At 9.30 p.m. the day the movie released, you had "Jaaneman" versus "Don" on Times Now, Sanjay Dutt on his life on NDTV, Interviews with "Jaaneman's" lead stars on CNN-IBN, "Don" on Headlines Today, "Jaaneman" on Aaj Tak, Khan vs. Khan on Star News, and Which is the Bigger Khan on Zee News. That's called choice. Two hours earlier, on all of the above, you would have found cricket.
And in between everybody behaved as if they had just discovered Deepavali. Join Us, For the Great Indian Shopping Experience. Indians apparently now have money. Eighty three thousand millionaires, and counting. And like the rich everywhere, their problems are different. Where will you leave your pooches when you go away for Deepavali? We'll tell you about a dog resort. What does a diabetic do at Deepavali? We'll tell you about the sugar free options. Some party pooper would say all that splurging was disgusting in a poor country. So on NDTV they were worrying about the rich being unfairly targeted. And kindly offering ways to assuage your conscience. "Here's how you can contribute to help farmers in U.P. It's going to be a dark Deepavali for them." The solicitousness continued after Deepavali had come and gone. Then it was "Fighting Deepavali Blues". Tips for warding off Deepavali fatigue, on a news bulletin, no less.
Would it reduce the blood pressure of old-time hacks watching all this if one were to modify their nomenclature and call them lifestyle channels? Because then it's perfectly alright for Star Lifestyle News to bring us a special on the Star Plus bahus going Deepavali shopping. Or for Lifestyle Today to serve up at 9 p.m. its sex special on "What Men Want" (I'll spare you the gory details). Or for Zee Lifestyle to present the cricketers as gladiators with a Roman arena for a backdrop. Or for Star Lifestyle News to run an sms poll on whom the readers think Preity Zinta should plump for in the film "Jaaneman": Salman Khan or Akshay Kumar? None of the above would then seem quite so bizarre.
New methods
Playing alongside the great news transformation is the debate over sting journalism, newly revived by the U.P. legislature's summons to Rajdeep Sardesai of CNN-IBN. Stings are in fact part of the news transformation, turning journalists into investigators armed with the tools and ethics of the modern detective trade.
How would you have nailed a minister abetting drug runners in the old days, the TV expose that has irked the U.P. assembly? By despatching a reporter to crack the story and take photographs where possible. Naming names would still have resulted in a furore in the assembly, including charges of a breach of privilege. Arun Shourie notched up a notice a year in the Rajya Sabha in 1981 and 1982 for such breach. He did not use entrapment. He used files and photographs to nail ministers at the Centre or State.

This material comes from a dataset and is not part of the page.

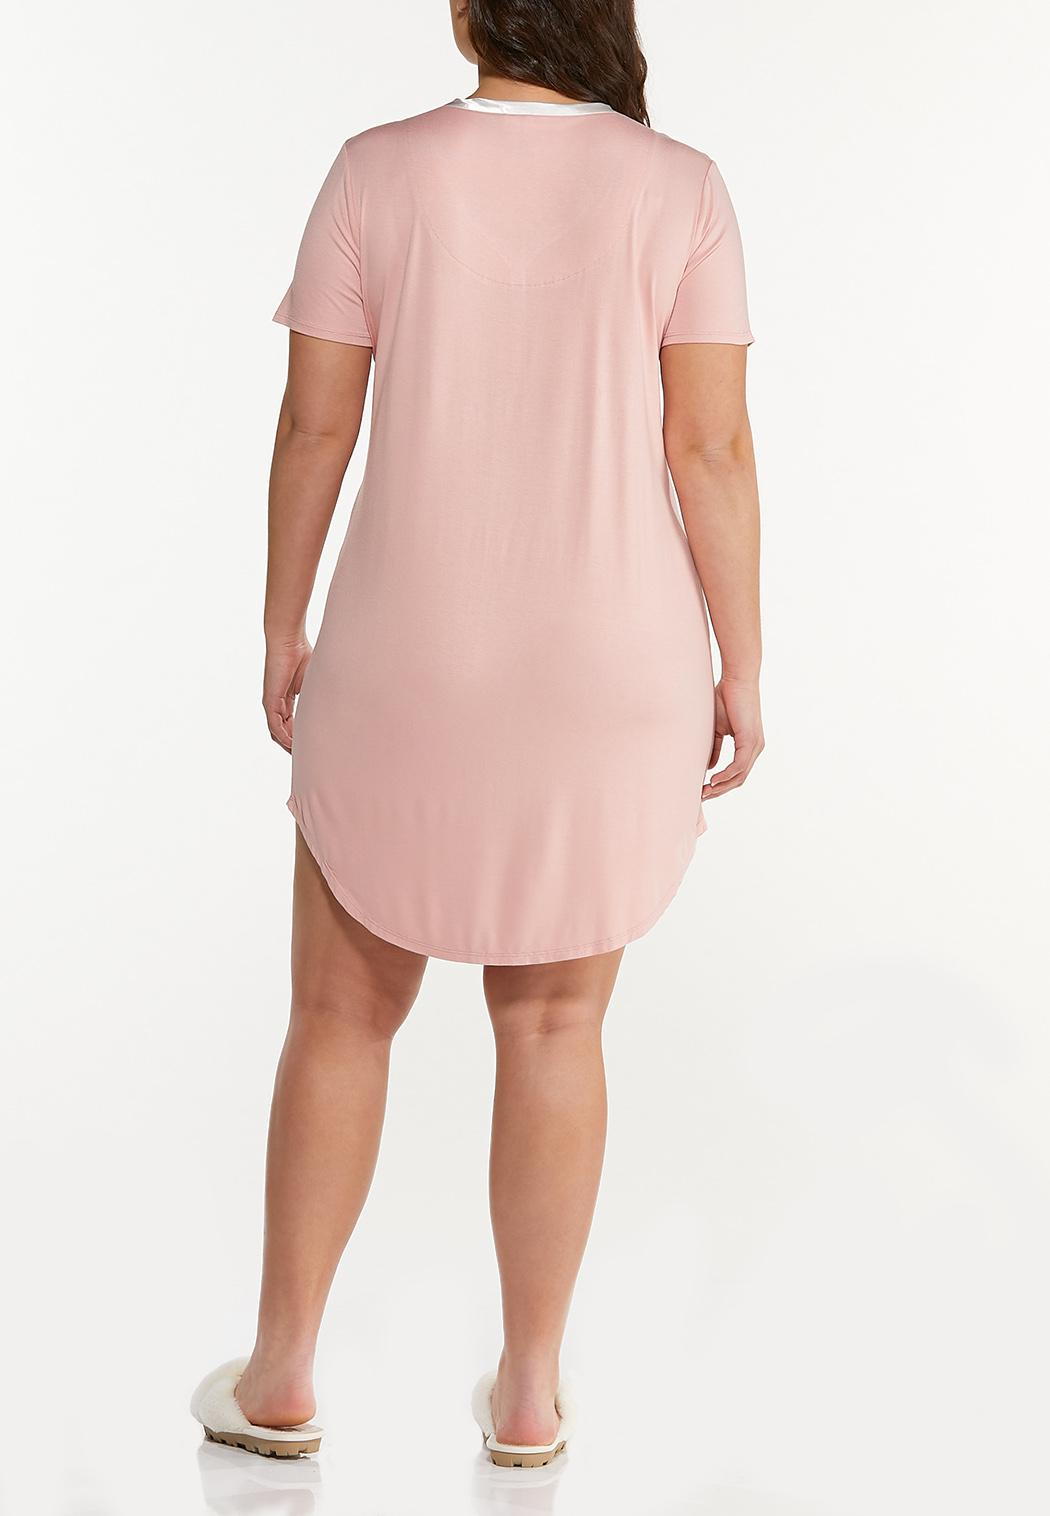 Plus Size Satin Trim Sleep Shirt (Item #44591878)

Don't be fooled by Tarun Tejpal's gush in the Hindustan Times: "For the first time in decades, there has appeared an independent deterrent to wrongdoing in public. The sting." What entrapment does get you is that image of someone taking wads of notes, which can be played seamlessly over and over again to a bored middle class with attention deficit disorder. And ratings to show the advertiser. Ask Rajat Sharma, who used stings to establish a channel nobody had heard of and who gleefully admits as much today.